__TASK DIRECTIONS__.
Leave every picture out. Set down all the lines below exactly.

__DATASET EXCERPT__.
[Start of section]

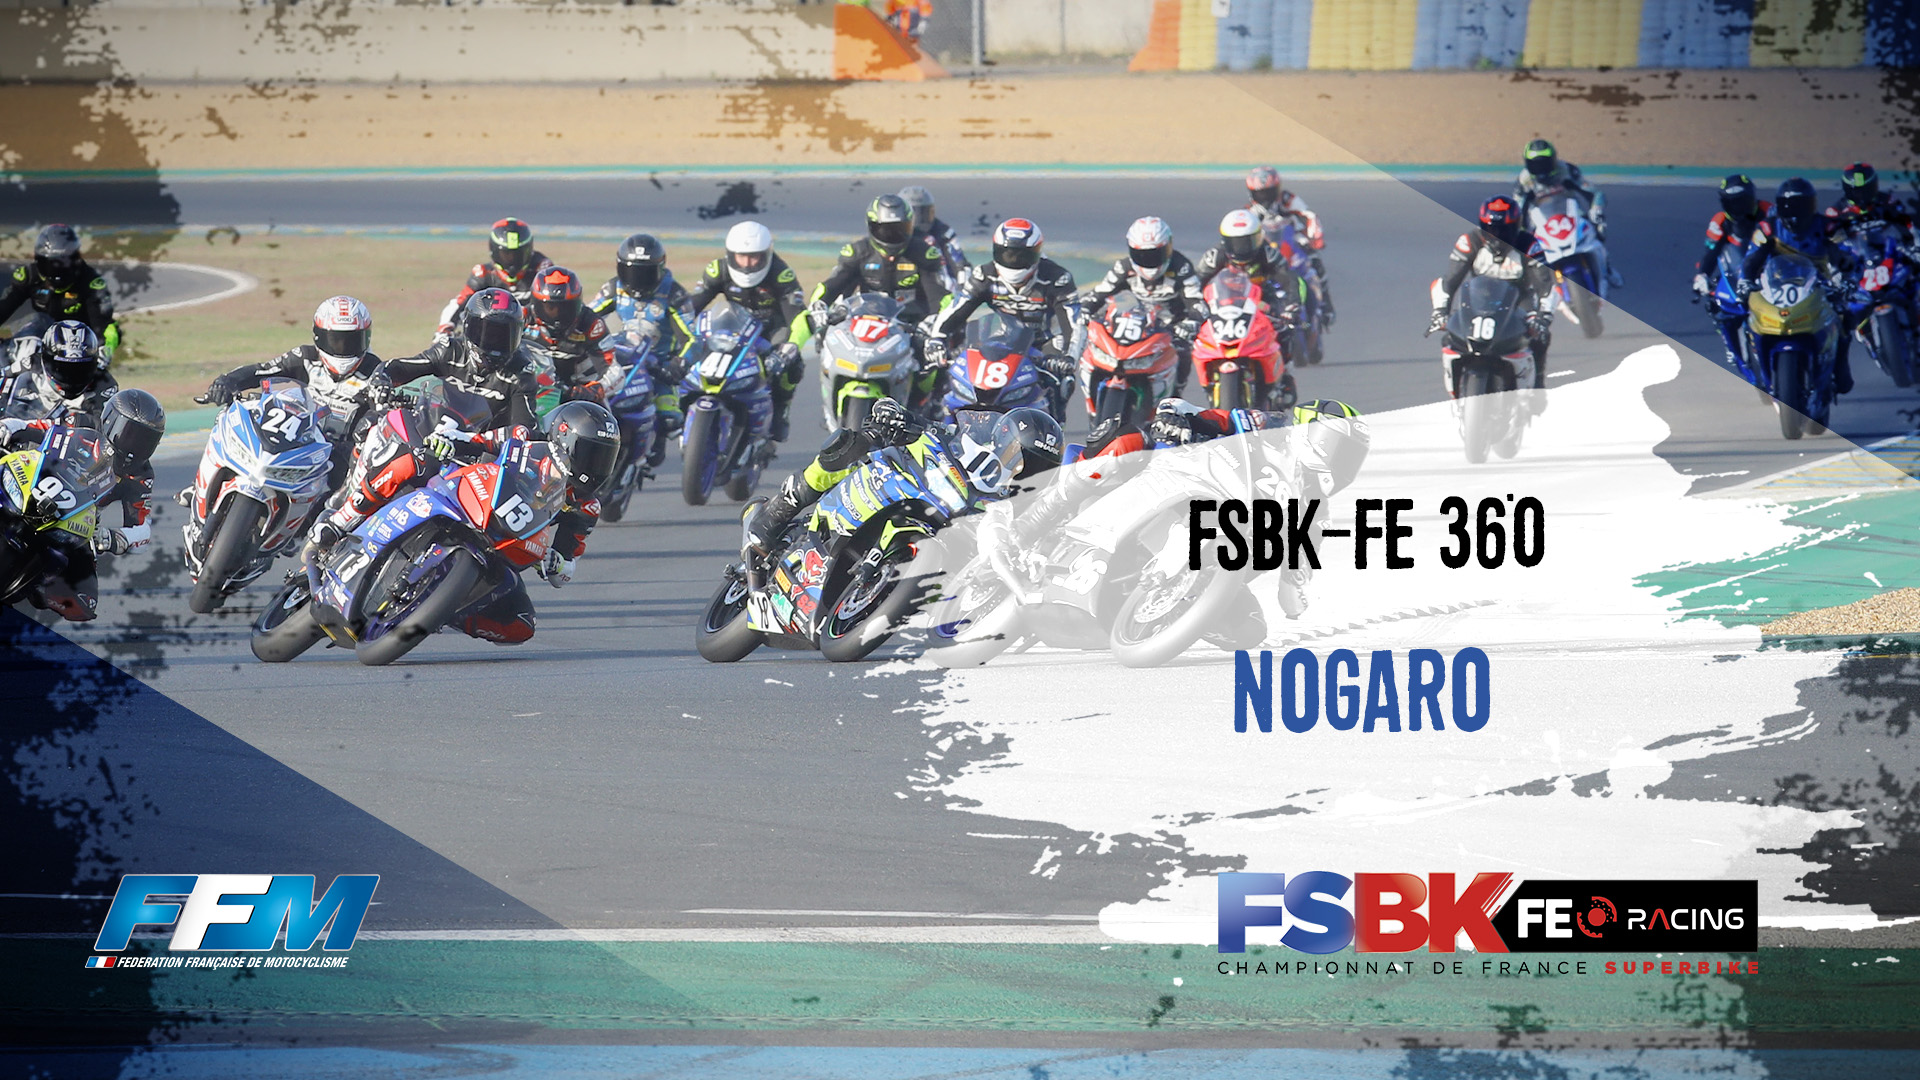 FSBK-FE 360 Nogaro
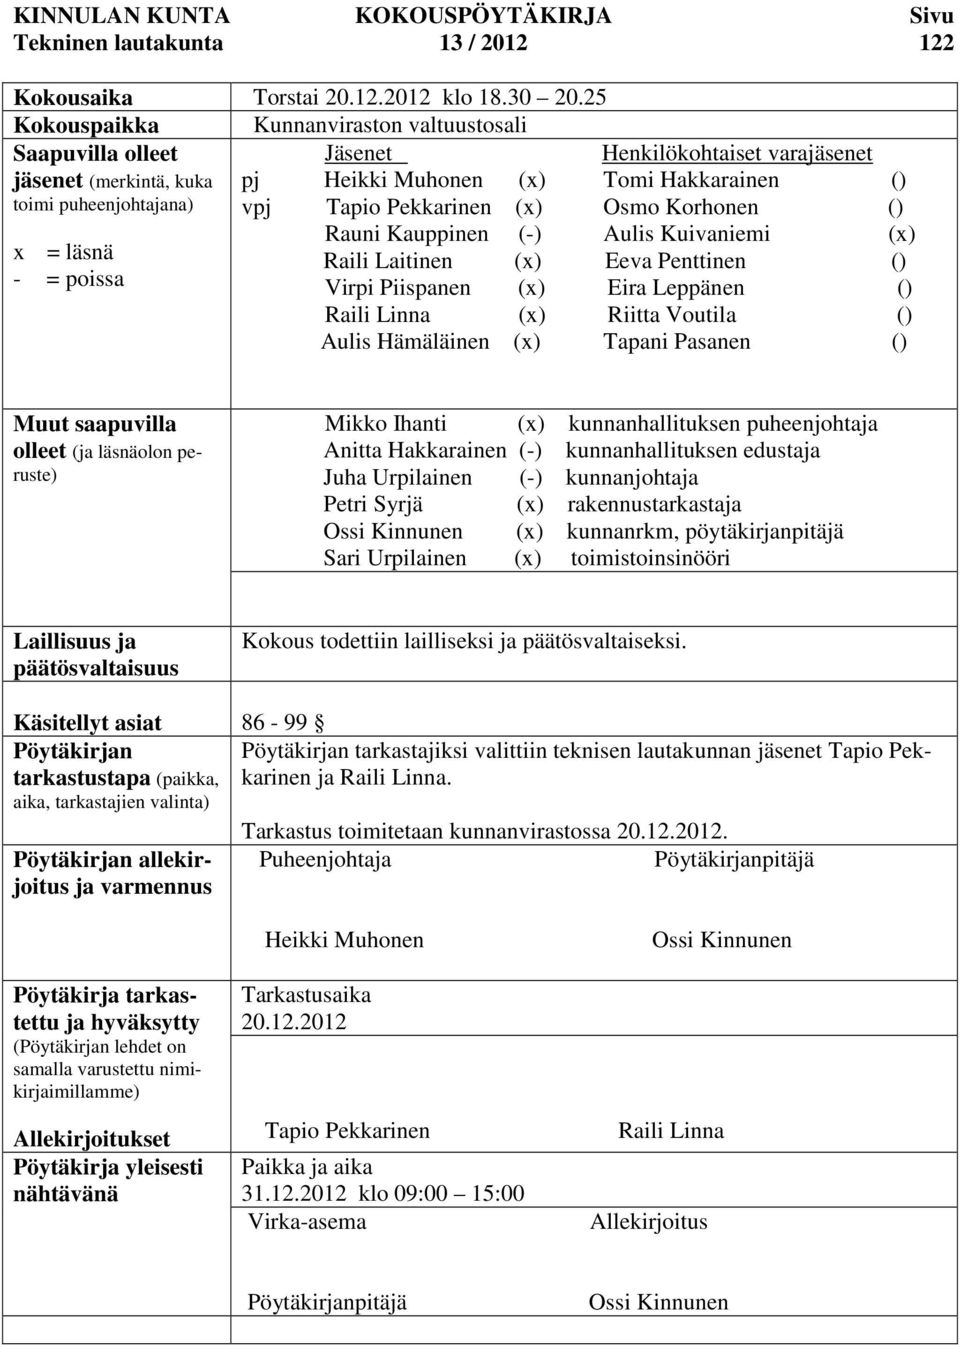 Hakkarainen () vpj Tapio Pekkarinen (x) Osmo Korhonen () Rauni Kauppinen (-) Aulis Kuivaniemi (x) Raili Laitinen (x) Eeva Penttinen () Virpi Piispanen (x) Eira Leppänen () Raili Linna (x) Riitta
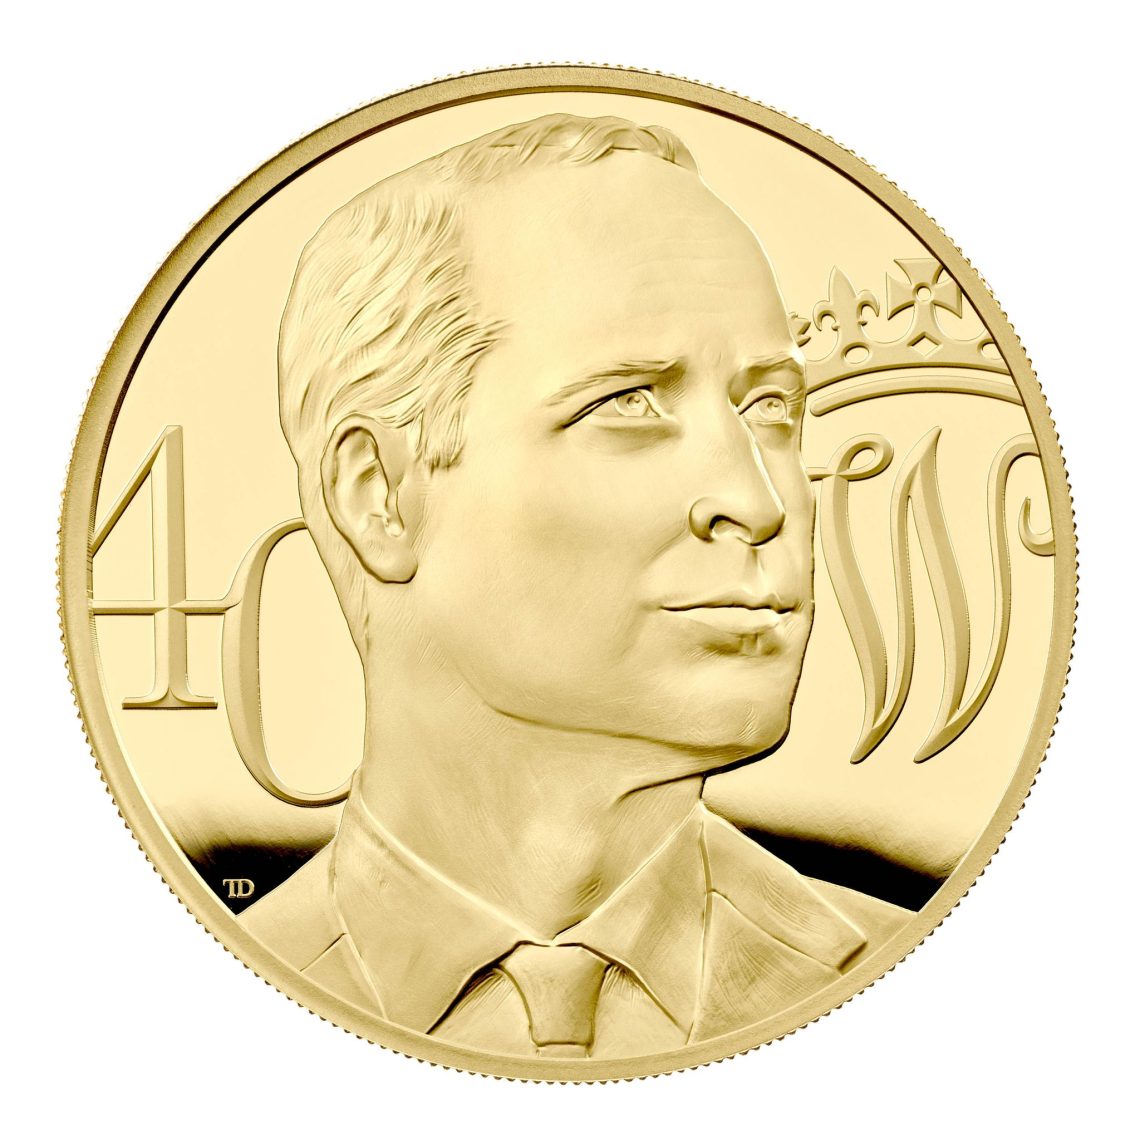 Der britische Prinz William wird zu seinem 40. Geburtstag mit dieser Münze geehrt.

[End of section]

__EXERCISE RESULT__.
 FSBK-FE 360 Nogaro
 Hakkarainen () vpj Tapio Pekkarinen (x) Osmo Korhonen () Rauni Kauppinen (-) Aulis Kuivaniemi (x) Raili Laitinen (x) Eeva Penttinen () Virpi Piispanen (x) Eira Leppänen () Raili Linna (x) Riitta
 Der britische Prinz William wird zu seinem 40. Geburtstag mit dieser Münze geehrt.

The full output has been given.